Depois de passar cerca de seis horas no Haiti, o presidente Lula embarcou para El Salvador, última escala da viagem iniciada em Cancún, no México, para a Cúpula da América Latina e Caribe (Calc), com uma visita de despedida a Fidel e Raúl Castro, em Cuba. Em San Salvador, Lula foi recebido pelo chanceler Hugo Martínez e depois jantou com o presidente Mauricio Funes, casado com uma brasileira que representa o Partido dos Trabalhadores (PT) na a América Central.

Funes não esconde sua admiração por Lula e, assim que foi eleito, prometeu seguir o exemplo do governante brasileiro em seu mandato como presidente de El Salvador. No encontro de hoje, os dois trocarão condecorações: o salvadorenho entregará ao visitante a Ordem Nacional José Matías Delgado, e retribuirá a homenagem com a Ordem do Cruzeiro do Sul.

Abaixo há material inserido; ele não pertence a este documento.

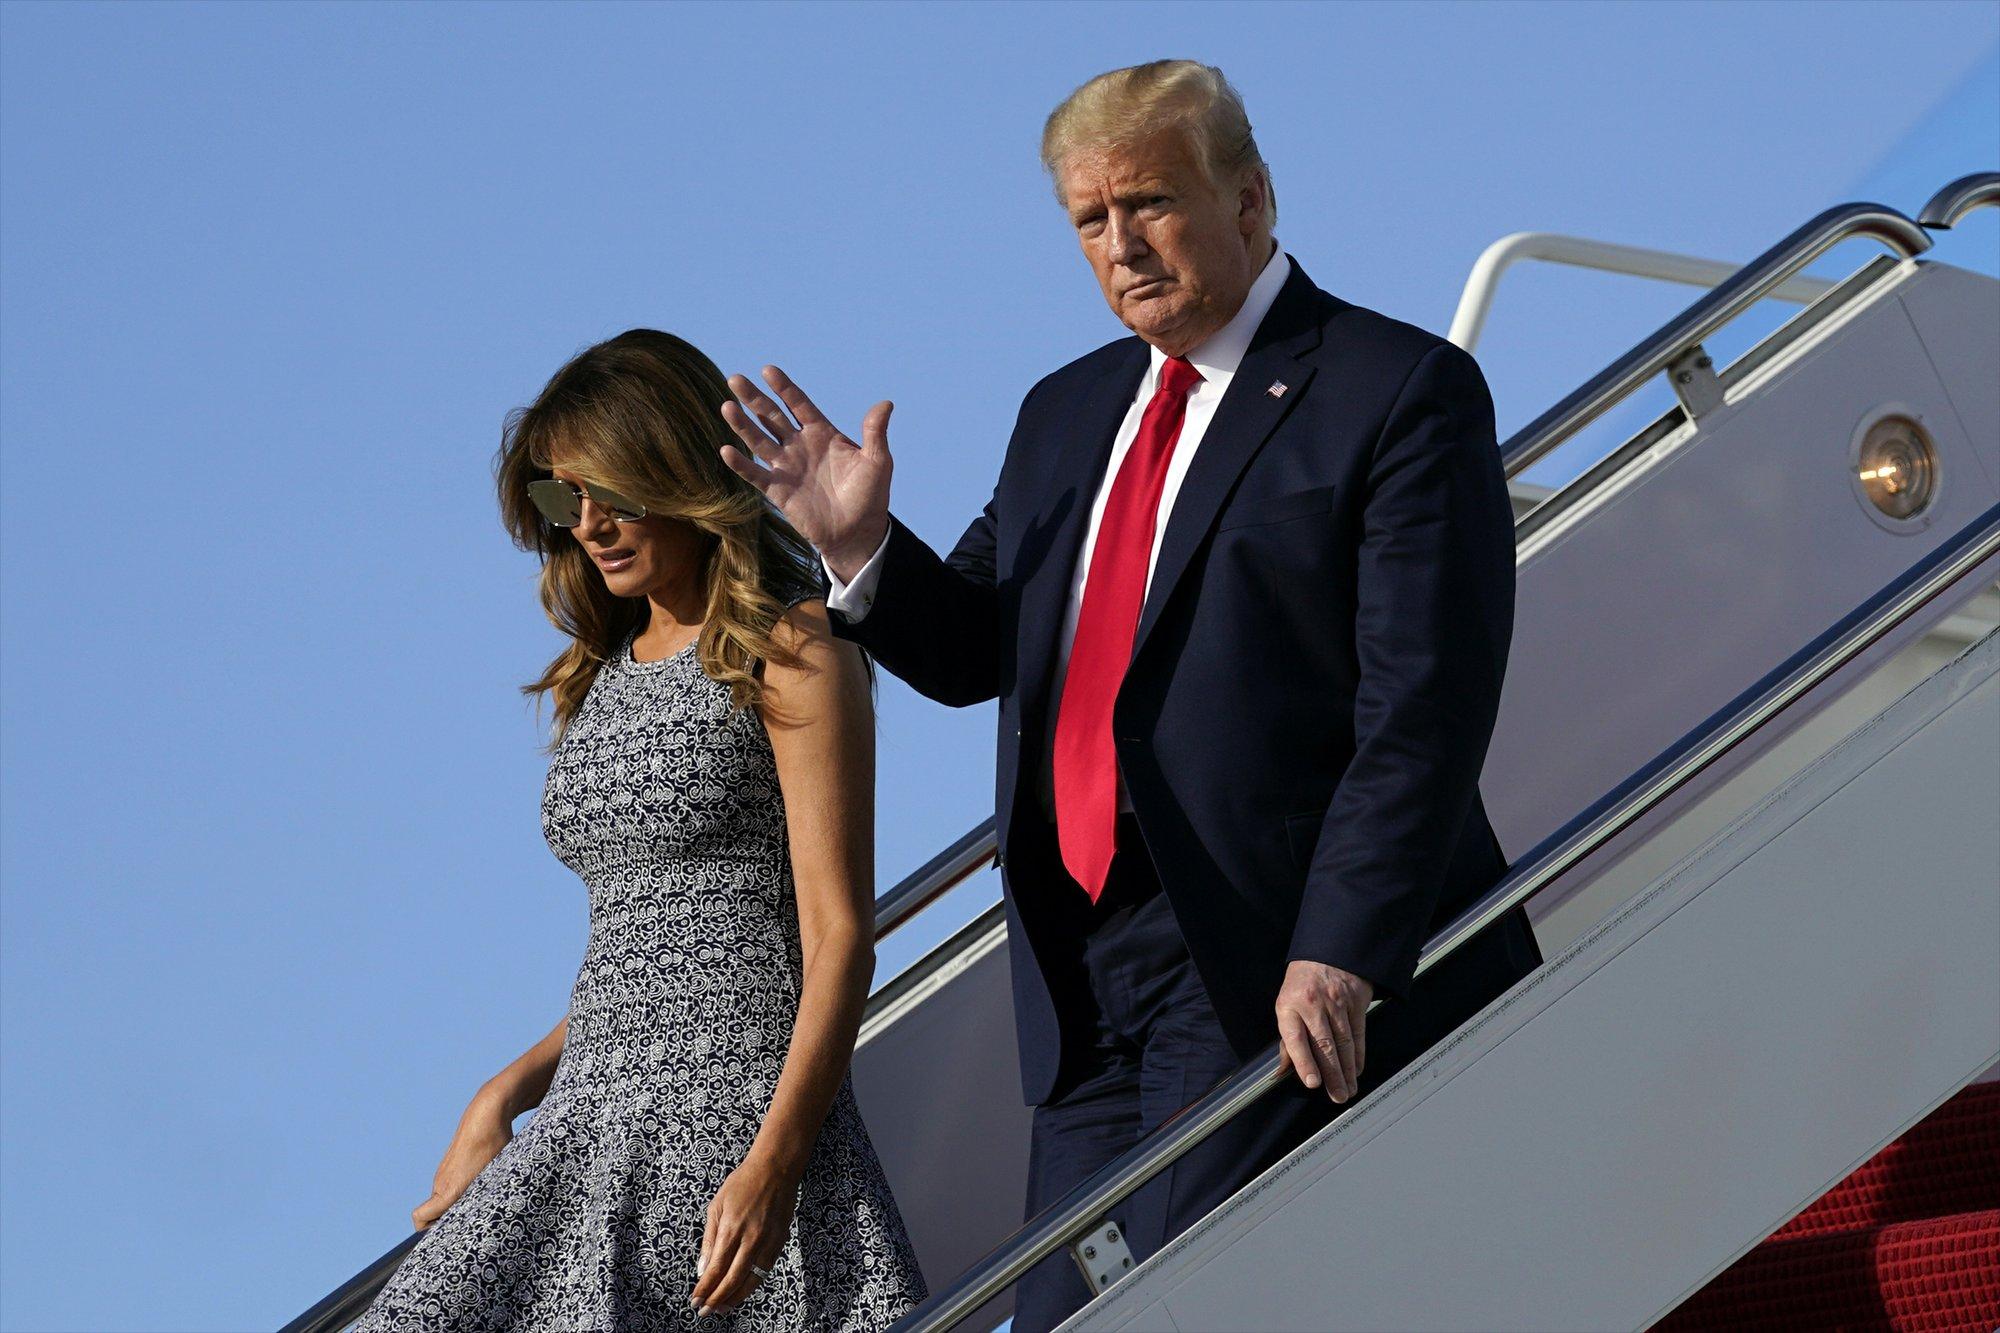 apnews.com - Zeke Miller - Twitter fact-checks Trump; he threatens new regs or shutdown
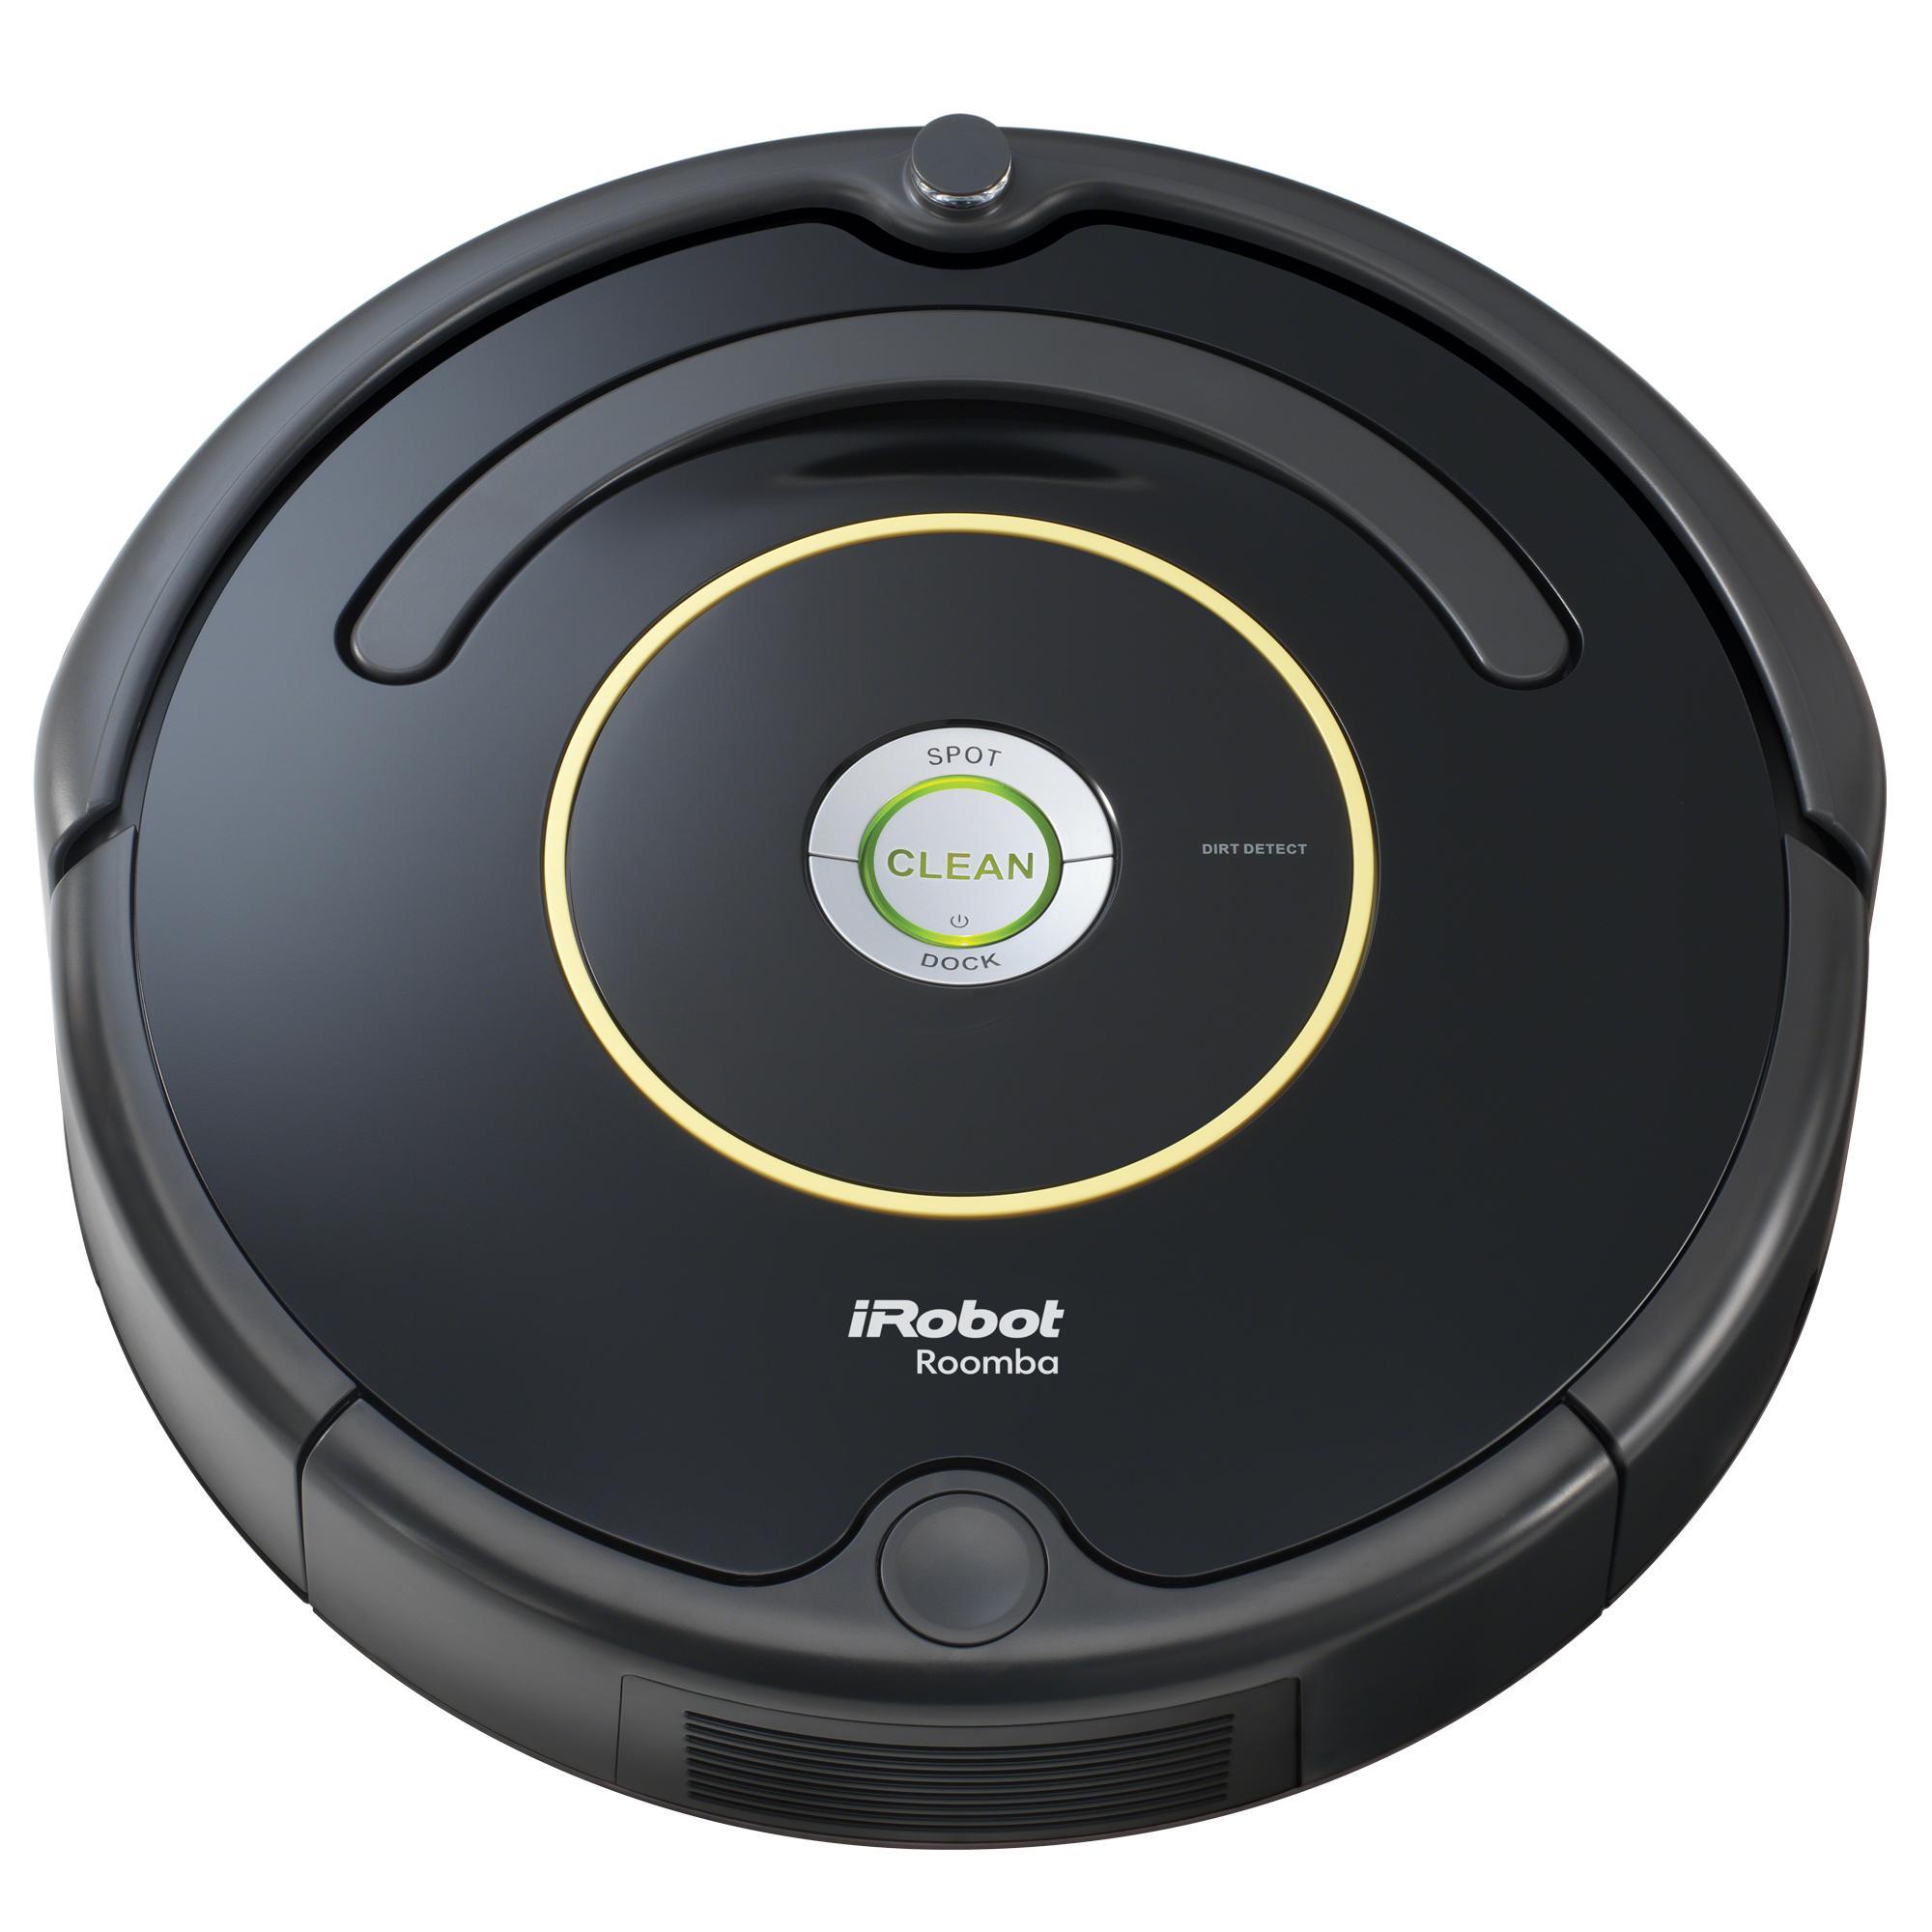 irobot roomba 614 robot vacuum home kitchen. Black Bedroom Furniture Sets. Home Design Ideas

Lula e Funes se reunirão com empresários brasileiros e salvadorenhos e visitarão a cripta na Catedral de San Salvador onde está sepultado monsenhor Oscar Arnulfo Romero. O assassinato de dom Oscar Romero, baleado por esquadrões de ultradireita em 24 de março de 1980, foi o estopim para uma década de guerra civil.